● **The task**:
Exactly as written, print every line of the listing below and omit its pictures.

● **Stored data**:
=-=-=-=-=
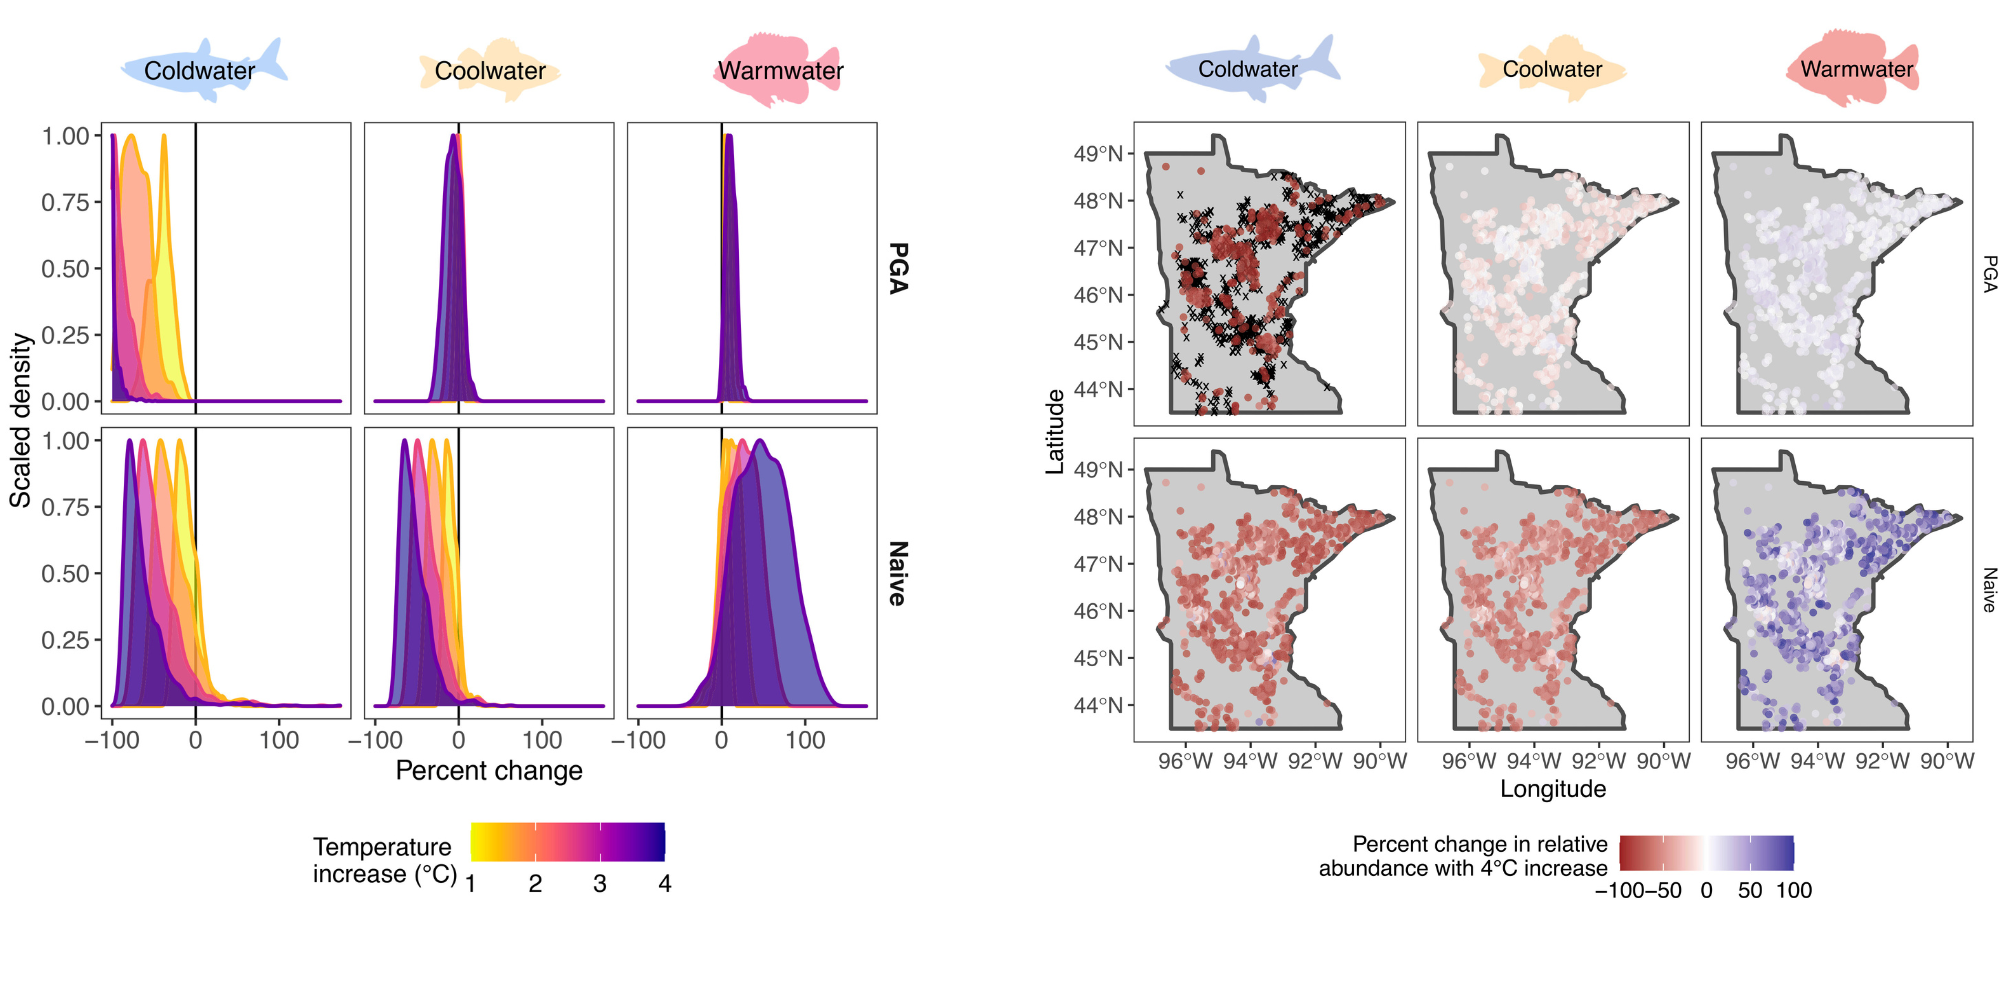 On left: graphs showing predicted percent change in relative abundance for fish species using the PGA and naive models for Minnesota lakes. On right: Mredicted percent change in relative abundance for fish species using the PGA and naive models.
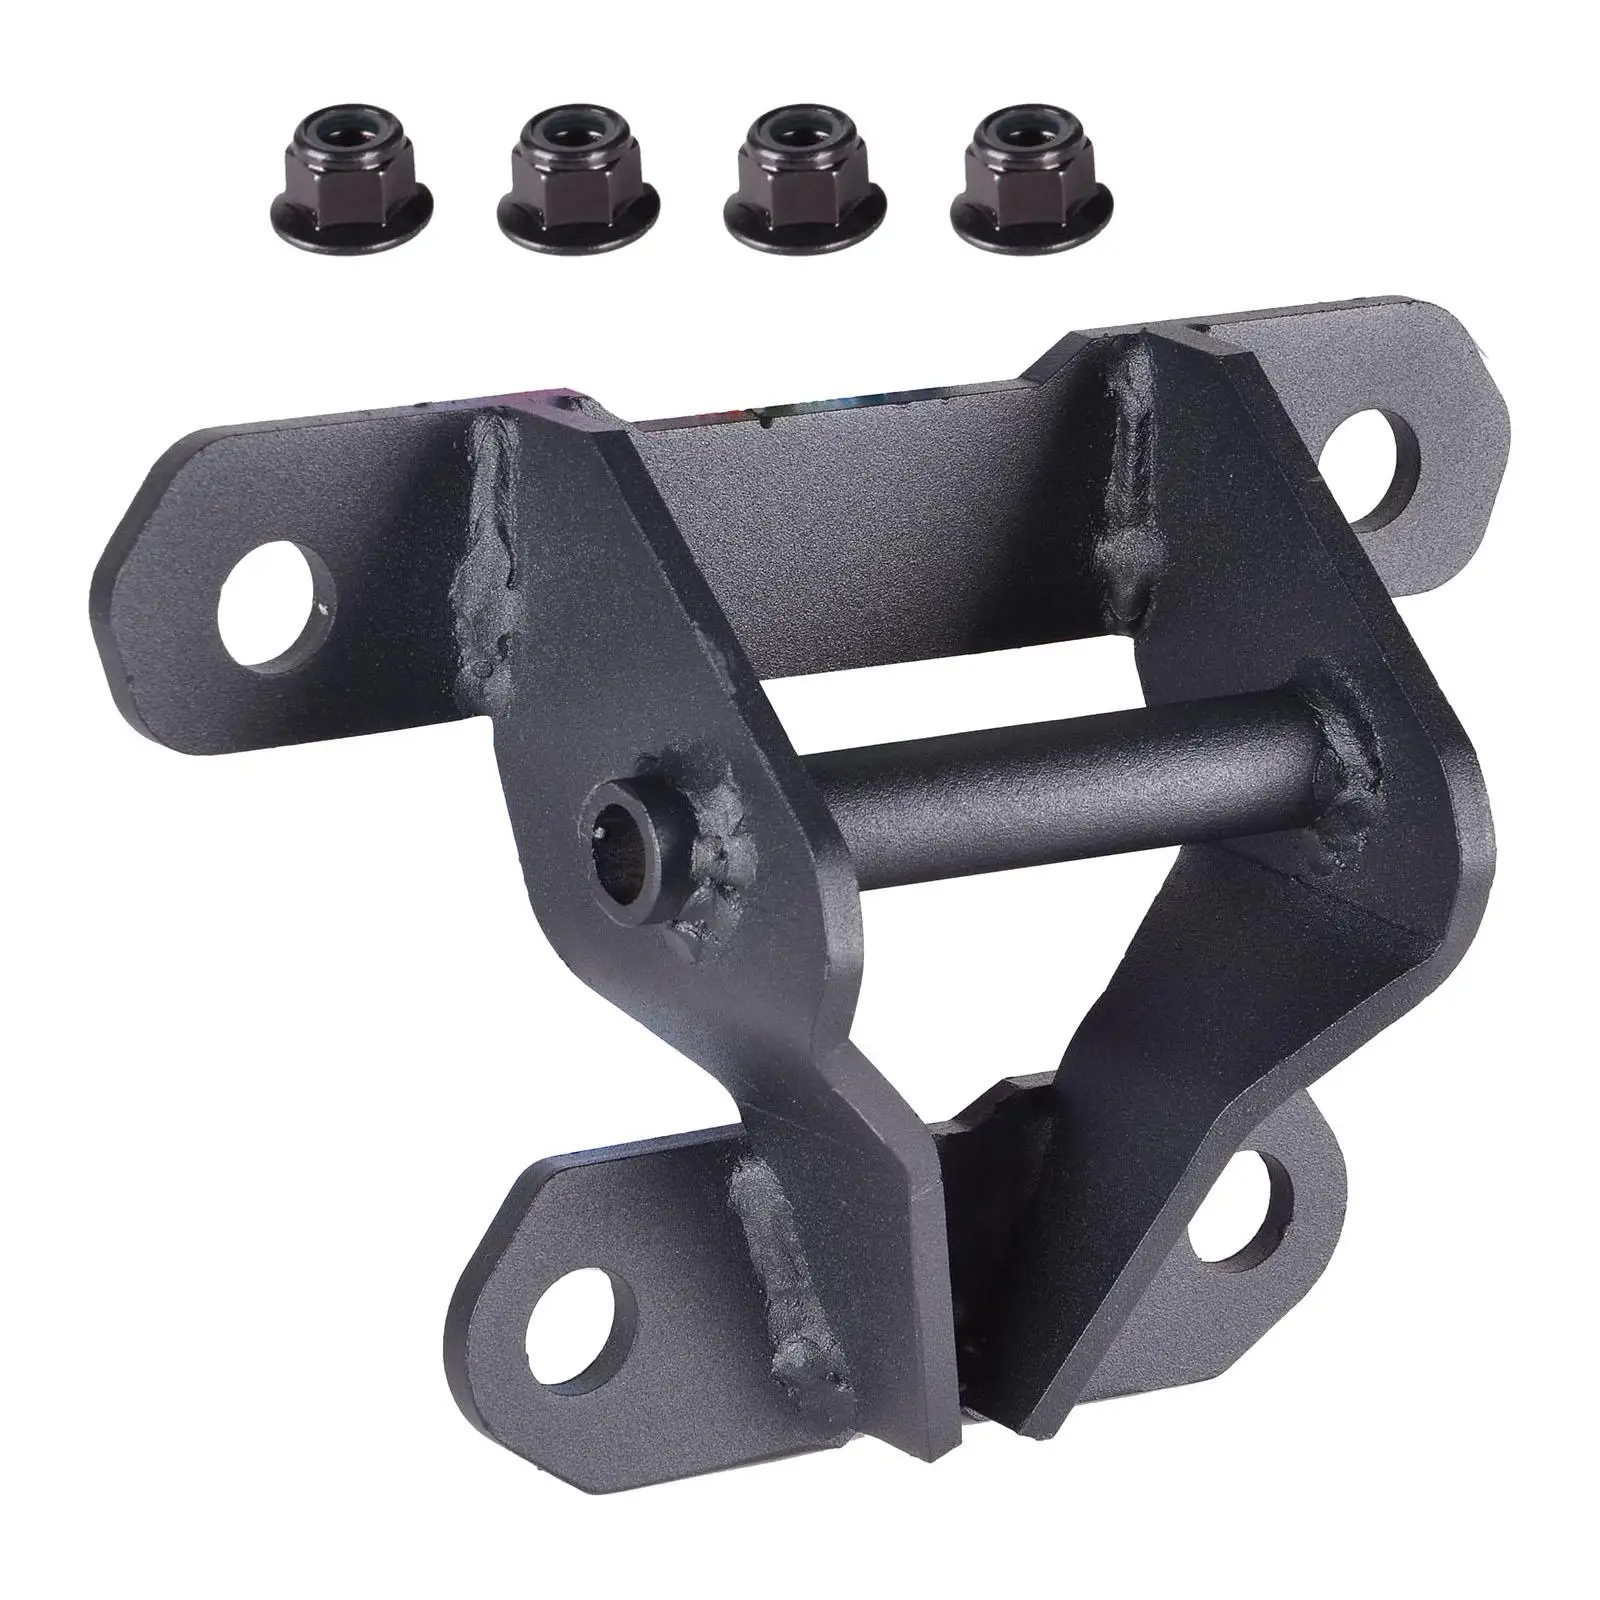 Exterior UTV Rear Pull Plate Tow Hook High Strength Moulding Iron Replacement for Canam x3 / x3 Max 18-2021 715004450 Parts
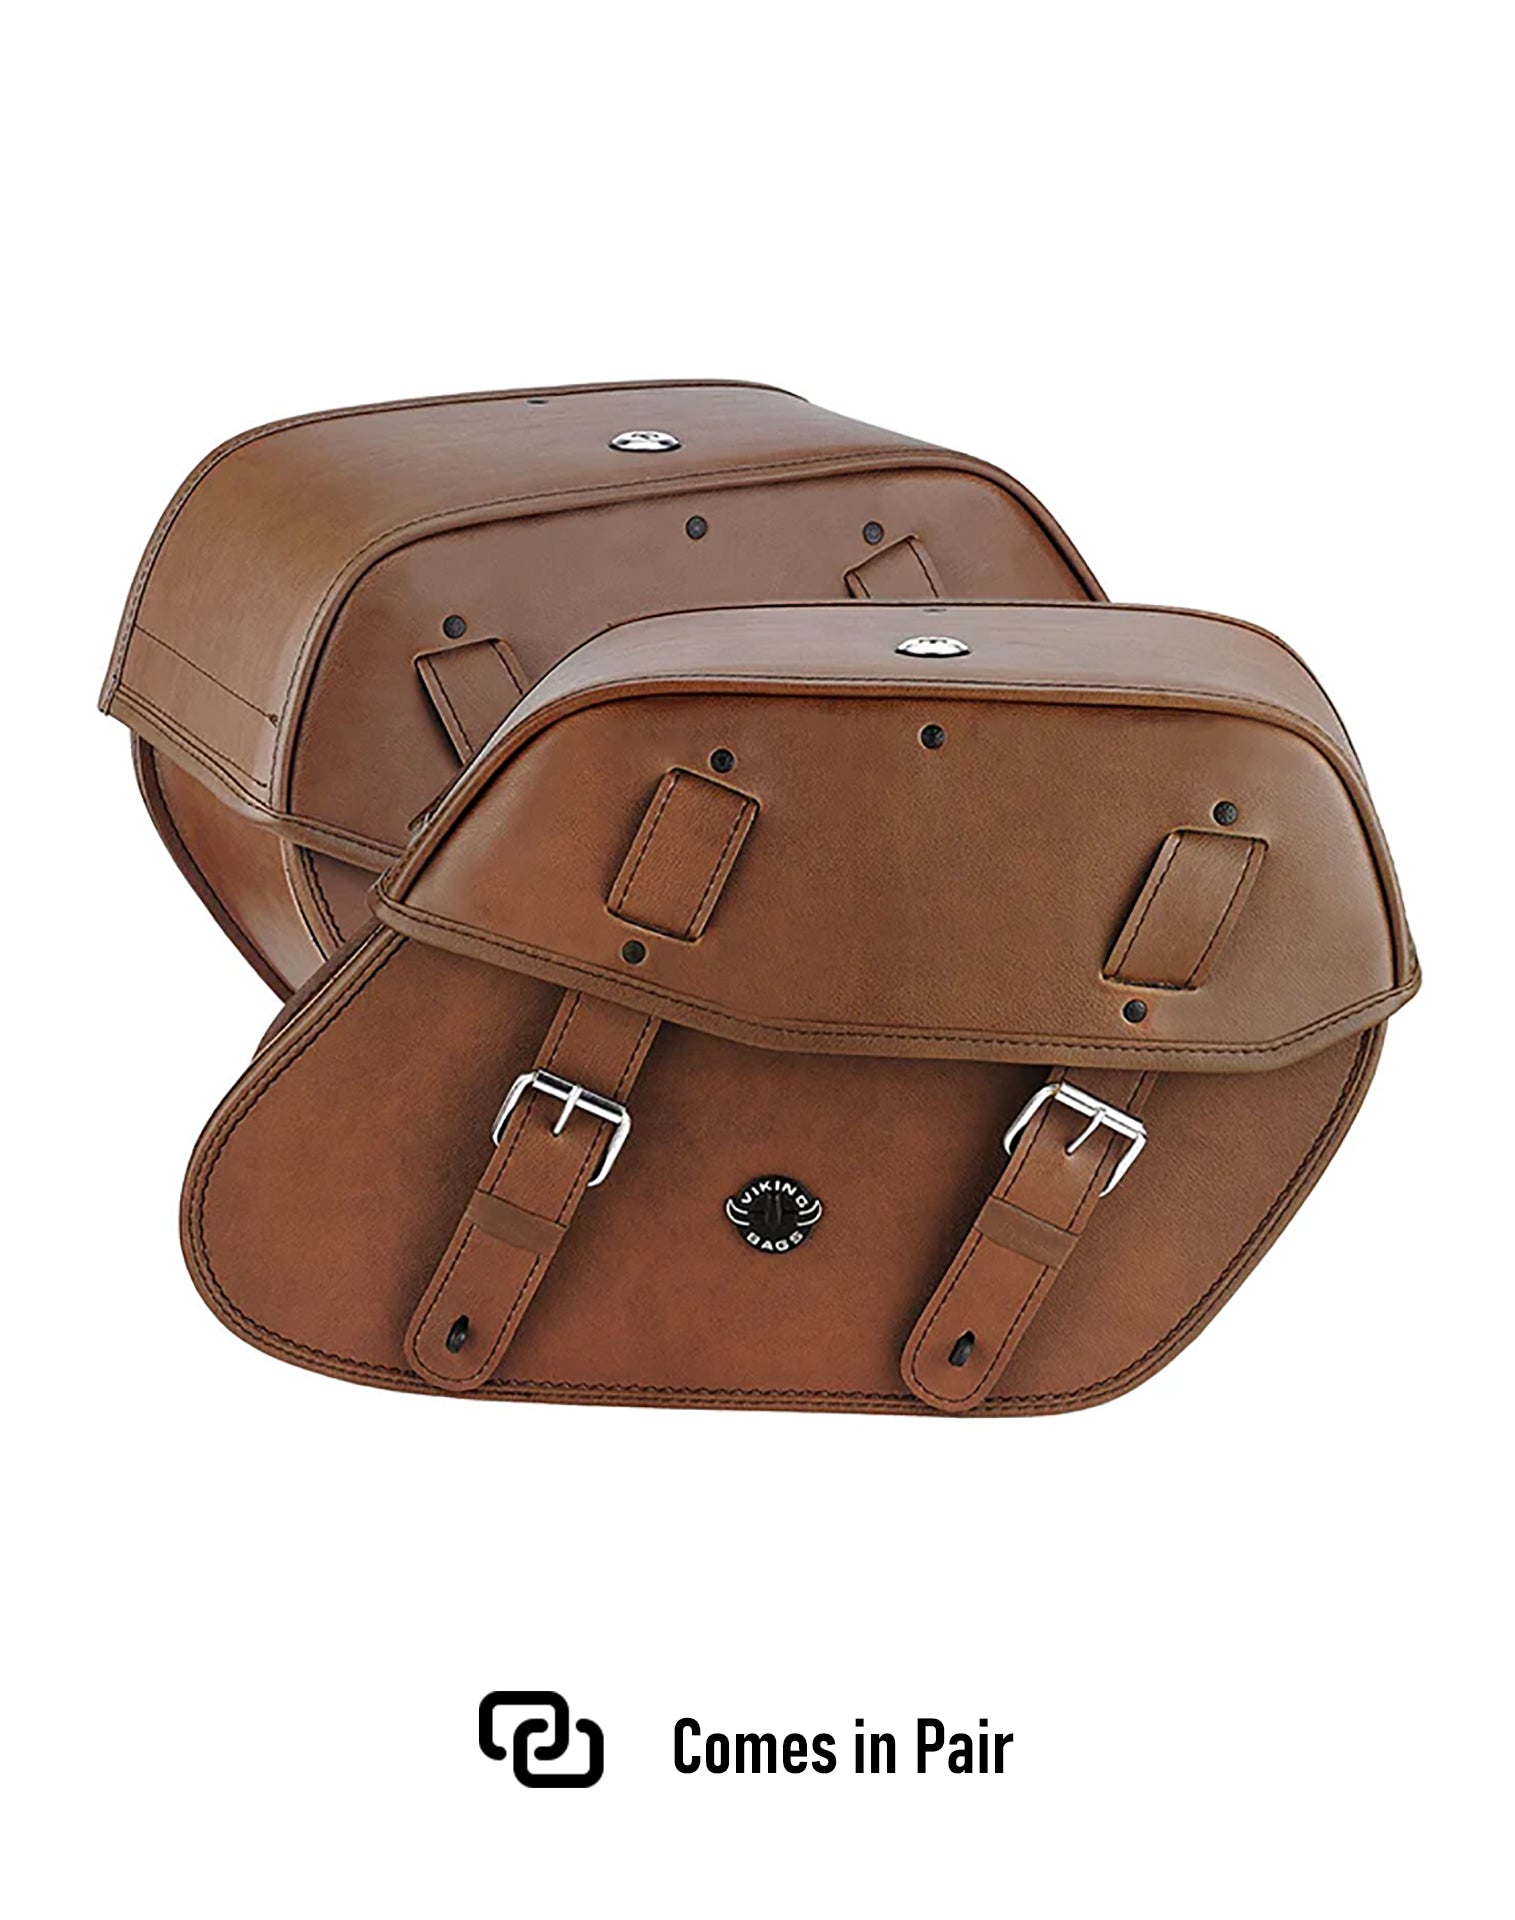 Viking Odin Brown Large Victory Kingpin Leather Motorcycle Saddlebags Weather Resistant Bags Comes in Pair
=-=-=-=-=
● **Answer to the exercise**:
 On left: graphs showing predicted percent change in relative abundance for fish species using the PGA and naive models for Minnesota lakes. On right: Mredicted percent change in relative abundance for fish species using the PGA and naive models.
 Exterior UTV Rear Pull Plate Tow Hook High Strength Moulding Iron Replacement for Canam x3 / x3 Max 18-2021 715004450 Parts
 Viking Odin Brown Large Victory Kingpin Leather Motorcycle Saddlebags Weather Resistant Bags Comes in Pair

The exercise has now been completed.